§ **Task instructions**:
Once you find the line with "การเพิ่มขนาดพื้นที่ผ่านผังงานเดิม: IS House" in the listing below, set down exactly every line from it through the line with "Joven hermosa chica", but no pictures.

§ **Data**:
● ● ● ● ●
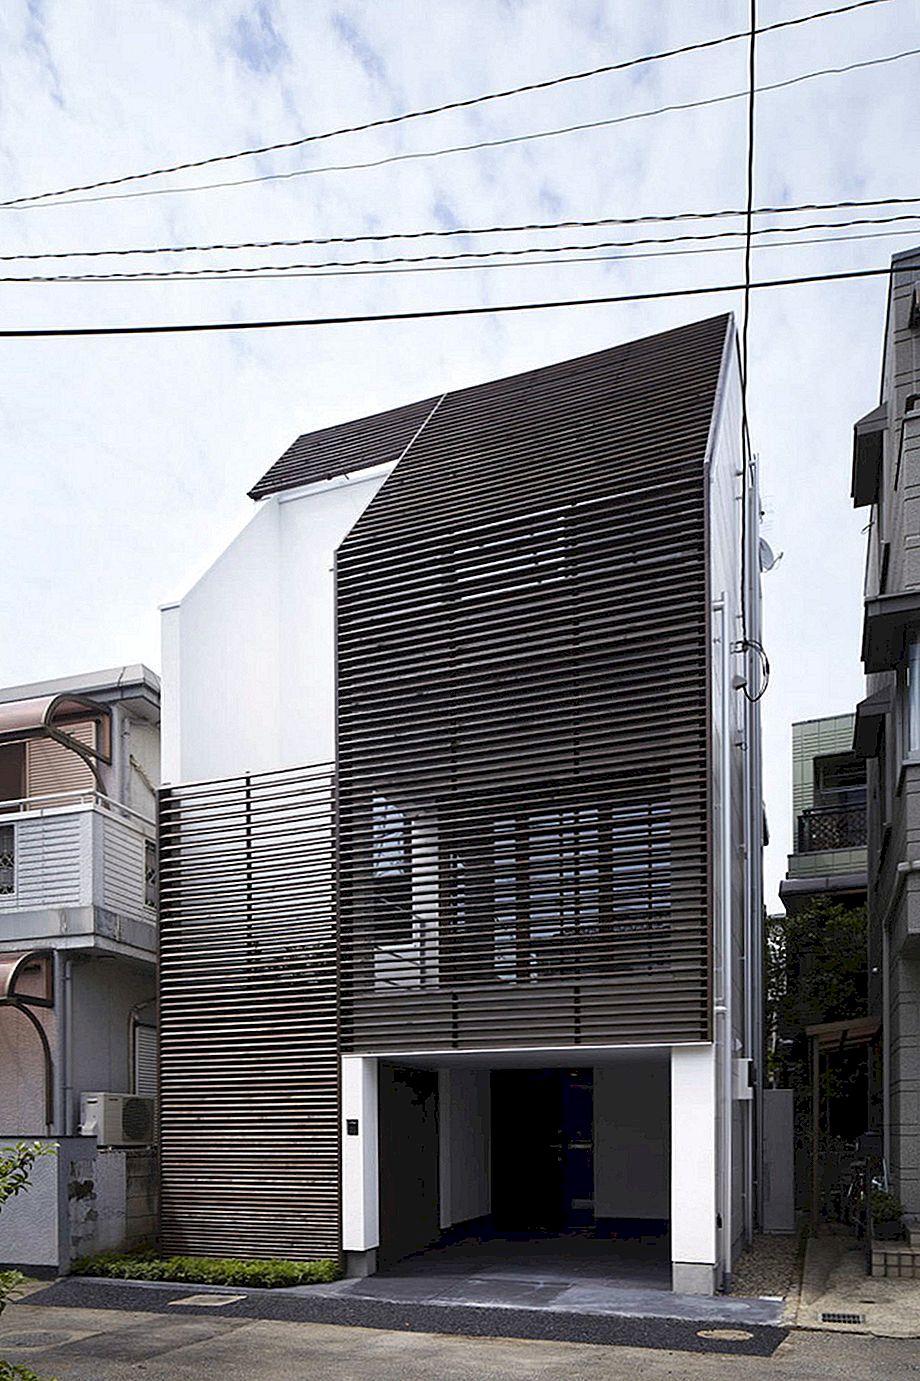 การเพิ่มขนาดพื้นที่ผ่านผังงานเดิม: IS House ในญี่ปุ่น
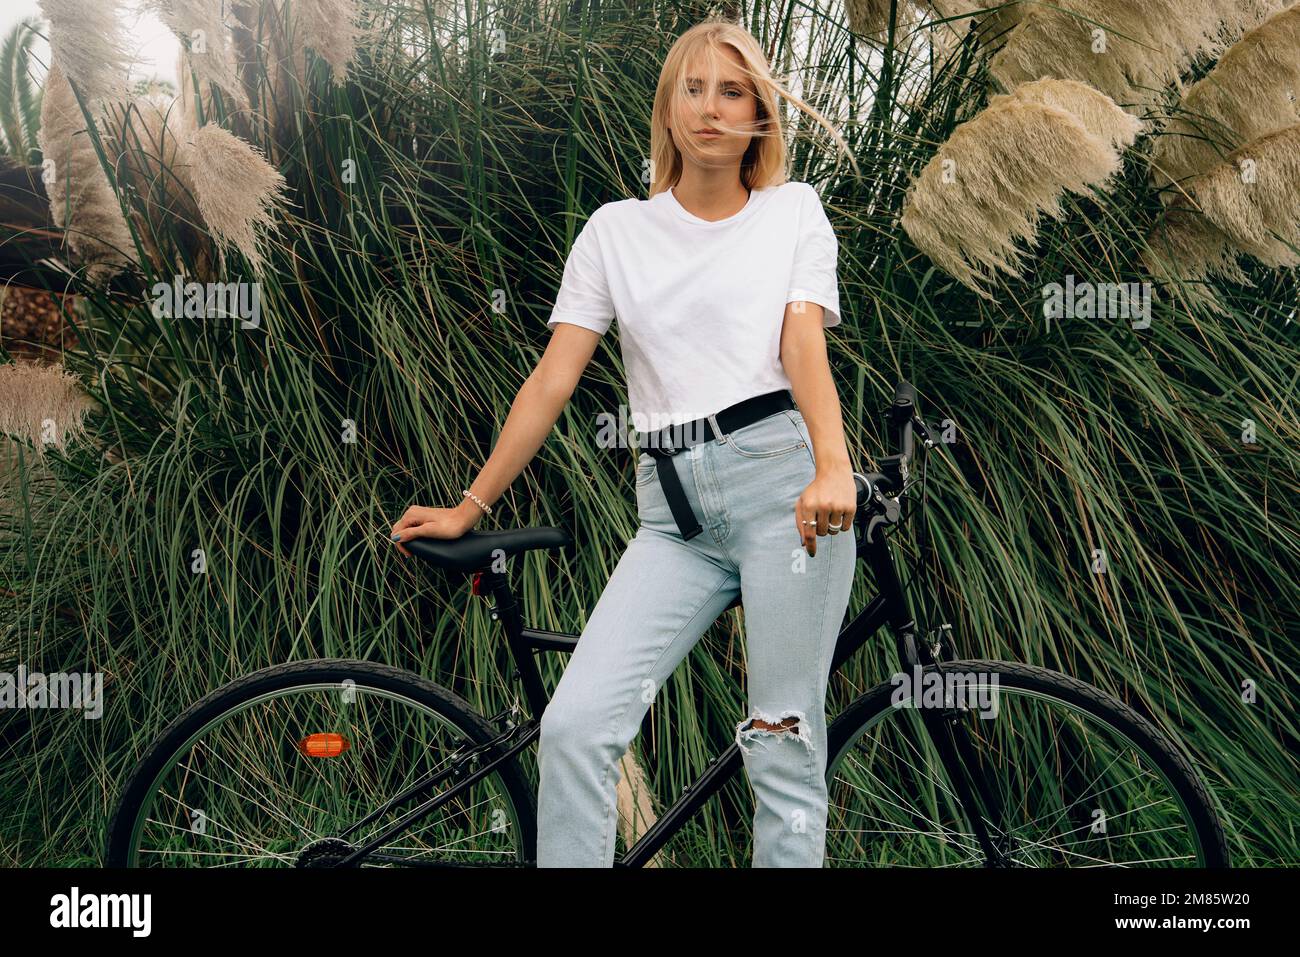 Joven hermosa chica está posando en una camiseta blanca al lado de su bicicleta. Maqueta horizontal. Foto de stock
● ● ● ● ●
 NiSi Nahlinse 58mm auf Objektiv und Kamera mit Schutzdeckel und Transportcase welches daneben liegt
● ● ● ● ●
§ **Reply**:
 การเพิ่มขนาดพื้นที่ผ่านผังงานเดิม: IS House ในญี่ปุ่น
 Joven hermosa chica está posando en una camiseta blanca al lado de su bicicleta. Maqueta horizontal. Foto de stock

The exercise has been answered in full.